Jimmy tried not to swallow.

``What were you doing all that time before you called? --- You said he pulled in here at sunset.''

Jimmy looked away from his ten-gallon hat, which he'd noticed was still a little damp in the brim. ``Listening,'' Jimmy stammered, ``he was just standing there talking at me, waving his big gun, and here I was, listening.''

``Listening?'' echoed the sheriff, ``Listening to some round little guy who called himself Pablo Picasso?''

``Why yes, sir,'' Jimmy lowered his voice, trying to make himself sound convincing. ``That asshole really knew how to shoot the shit.''

The sheriff gave Jimmy a long, pitying look.

Jimmy looked down at his shoes.

``Well, you got that right, son. Pablo who? ''

Jimmy examined his fingernails just to make sure. The flecks of brown were all gone.

The sheriff shook his head, climbed into his sandblasted old pickup truck, and started her up. ``You sure you're alright now . . .''

Jimmy nodded. Then he just stood there. He watched the sheriff's tail lights slowly fade into the invisible horizon like a pair of red, sleepy eyes.

When he finally went back inside the station, he found the sheriff's long silver flashlight lying by the phone. He gazed toward the bucket and mop, then picked up the flashlight and walked out the door. He went around to the side of the building, switched on the flashlight, and, using his foot, pushed open the men's room door. Illuminated only in the narrow beam of the flashlight, the stinking john seemed like the interior of a cave. Jimmy shone the light on the floor, still covered with piss, shit, broken porcelain, and soggy toilet paper.

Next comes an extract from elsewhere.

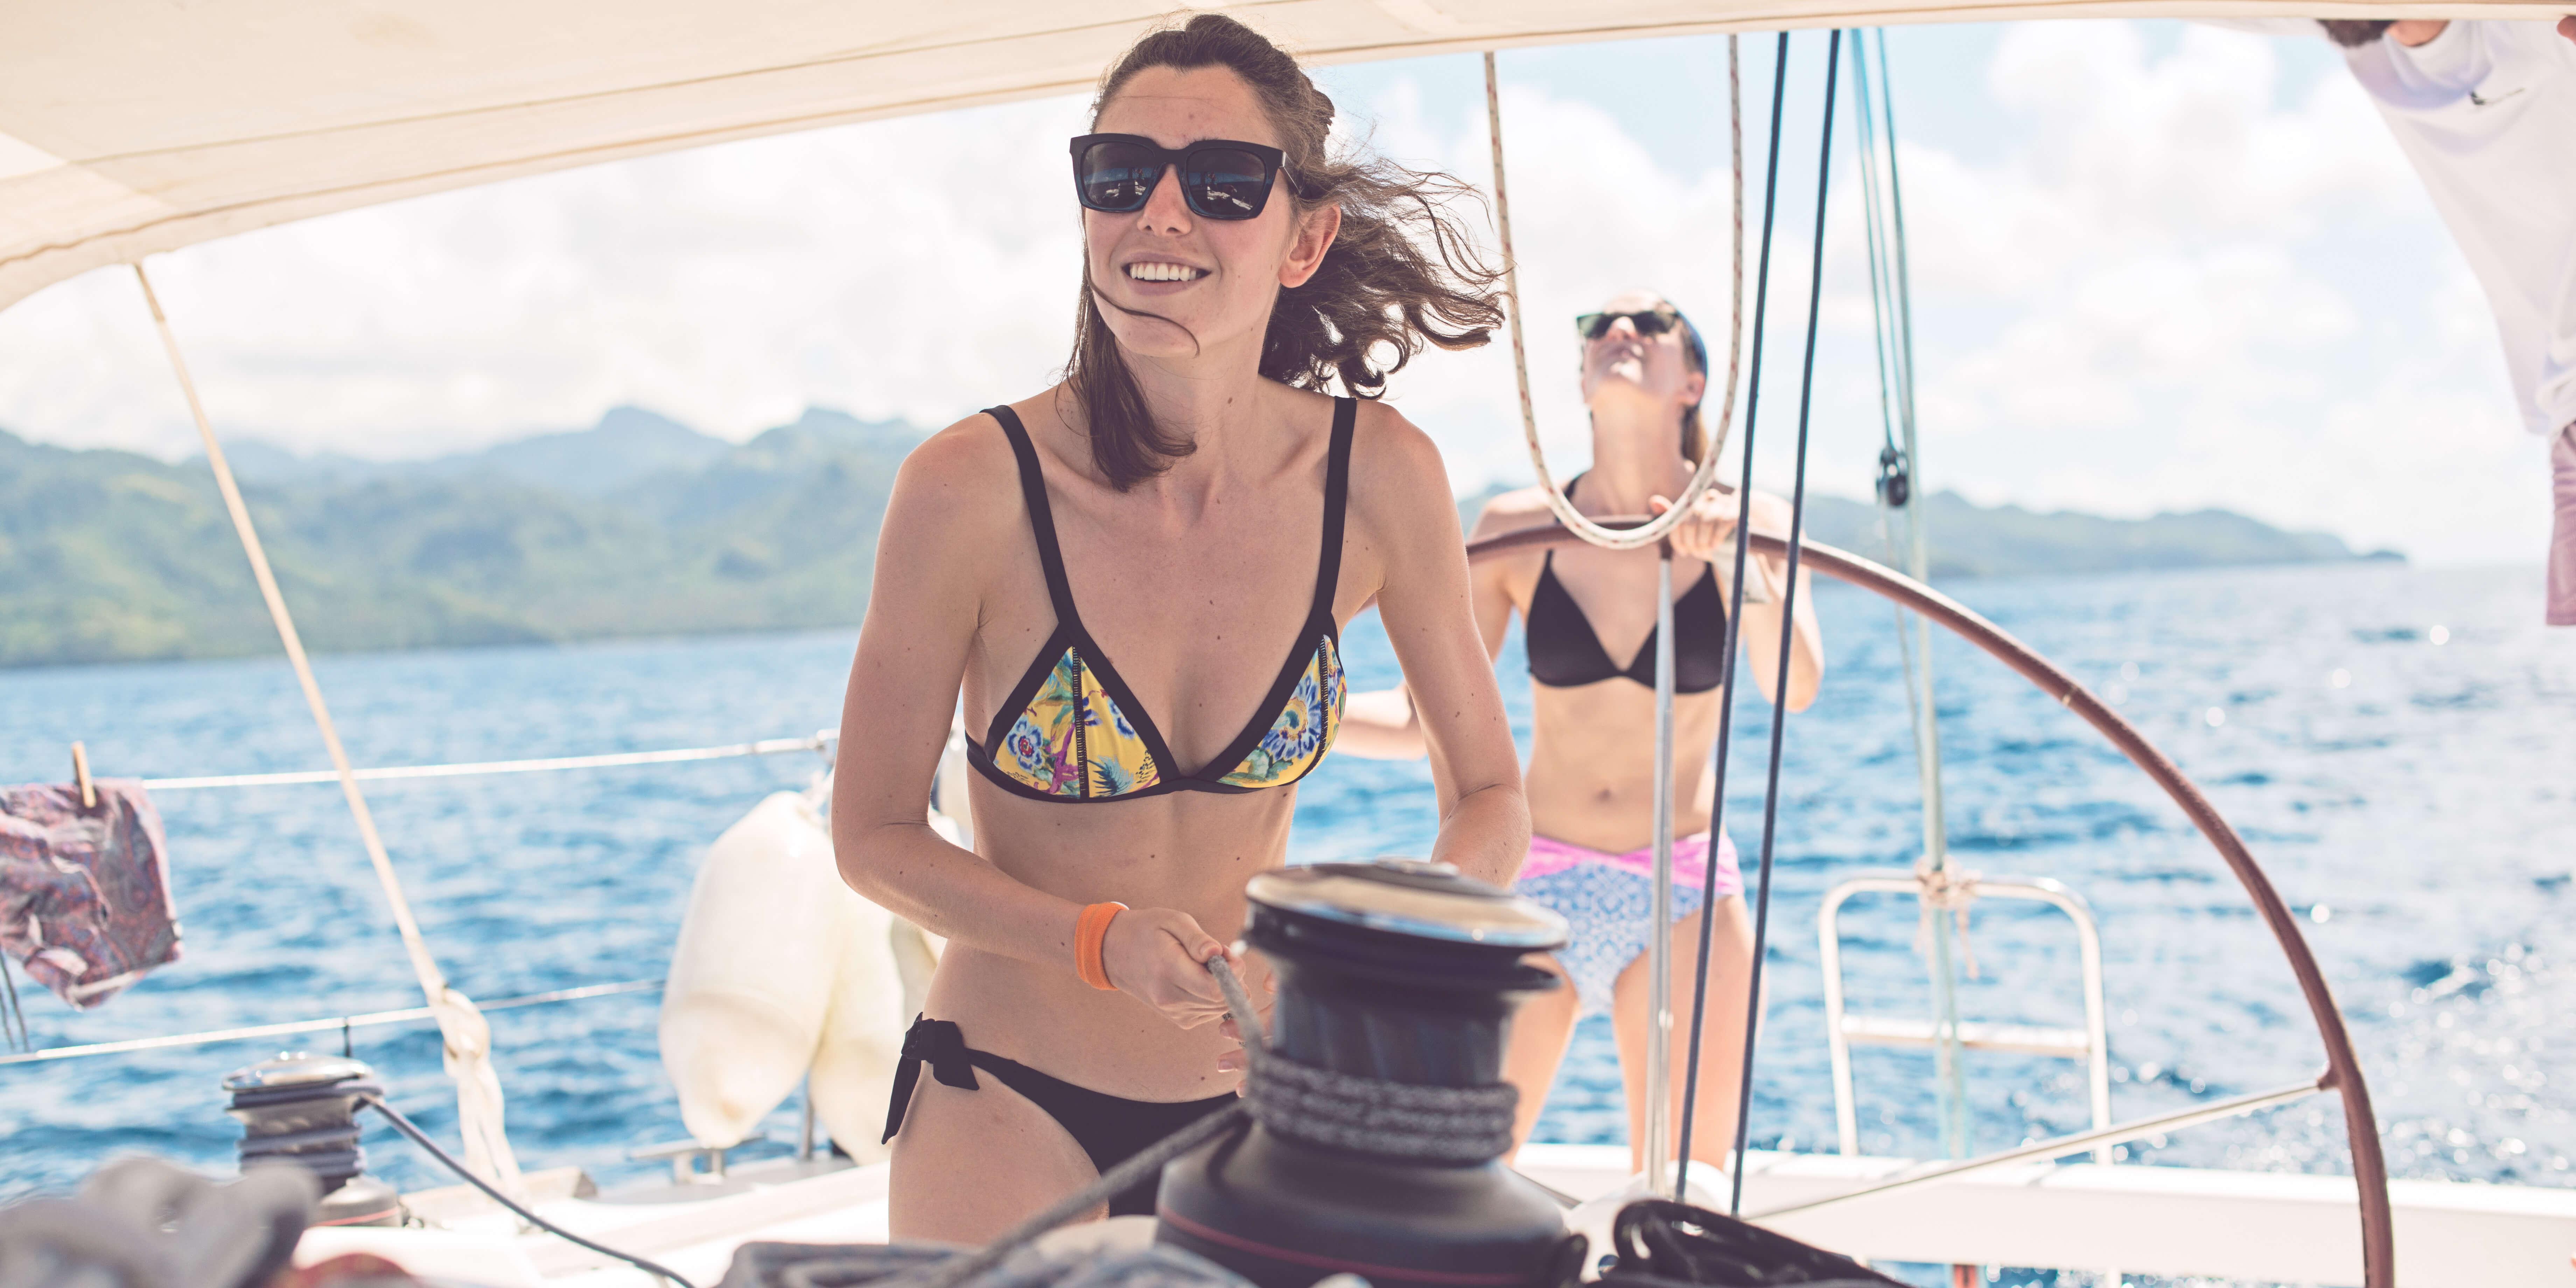 New skills from sailing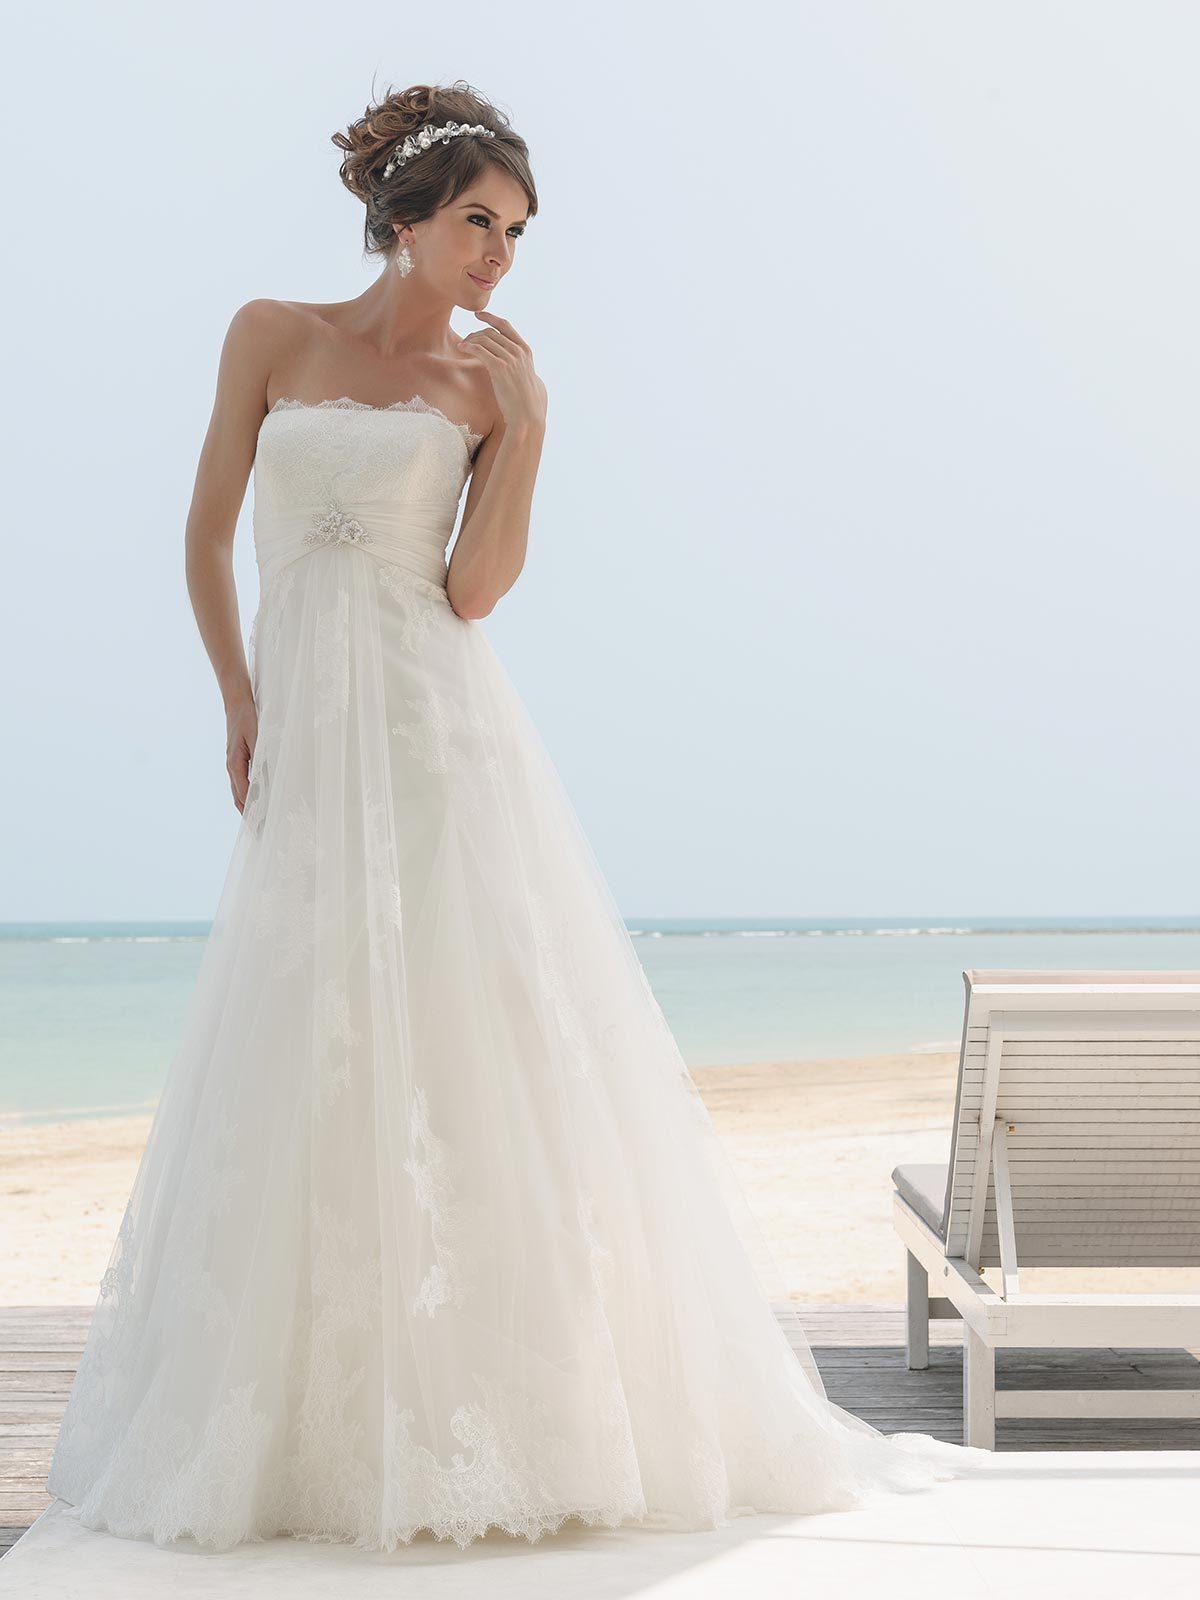 Brautkleid Meridiana von Marylise auf Ja.de

There were drag marks made by his own fingers, as if the bandit had used Jimmy's arms and hands to fingerpaint with shit for pigment. The sight of it disgusted him so much he thought he was going to puke, but at the same time it frightened him, and that made him swallow, hard. He felt anger rising in his throat, but there was also something more, something that wouldn't let him turn off the flashlight or look away. Out of all that mess, he began to sense, vaguely at first, some kind of form. It gave him an eerie feeling, but the more he waved the light around it, and the longer he stared, the clearer it became. It was the shape of a human, only its head was way too big, and even as he looked, it seemed to grow horns. Like a man with a buffalo head. Jimmy didn't know whether to laugh or to scream. he had always loved paintings of cows, horses, and especially of buffaloes, but now he was beginning to shake just from looking at this . . . this . . . THING!

It's only me, he reasoned with himself, it's only the outline of my own body when was I down and that asshole was pushing me around in it. Kind of like a snow angel --- or --- could it be anything else? --- it's the opposite of angel! He felt himself breaking out in a cold sweat. He wiped his brow. No horns, he reassured himself, but now he was deathly afraid. He tiptoed backwards, keeping the light fixed on the buffalo-man-thing's head and feeling the cold night air close in around his neck. Then he turned and ran back into the station, locking the door behind him.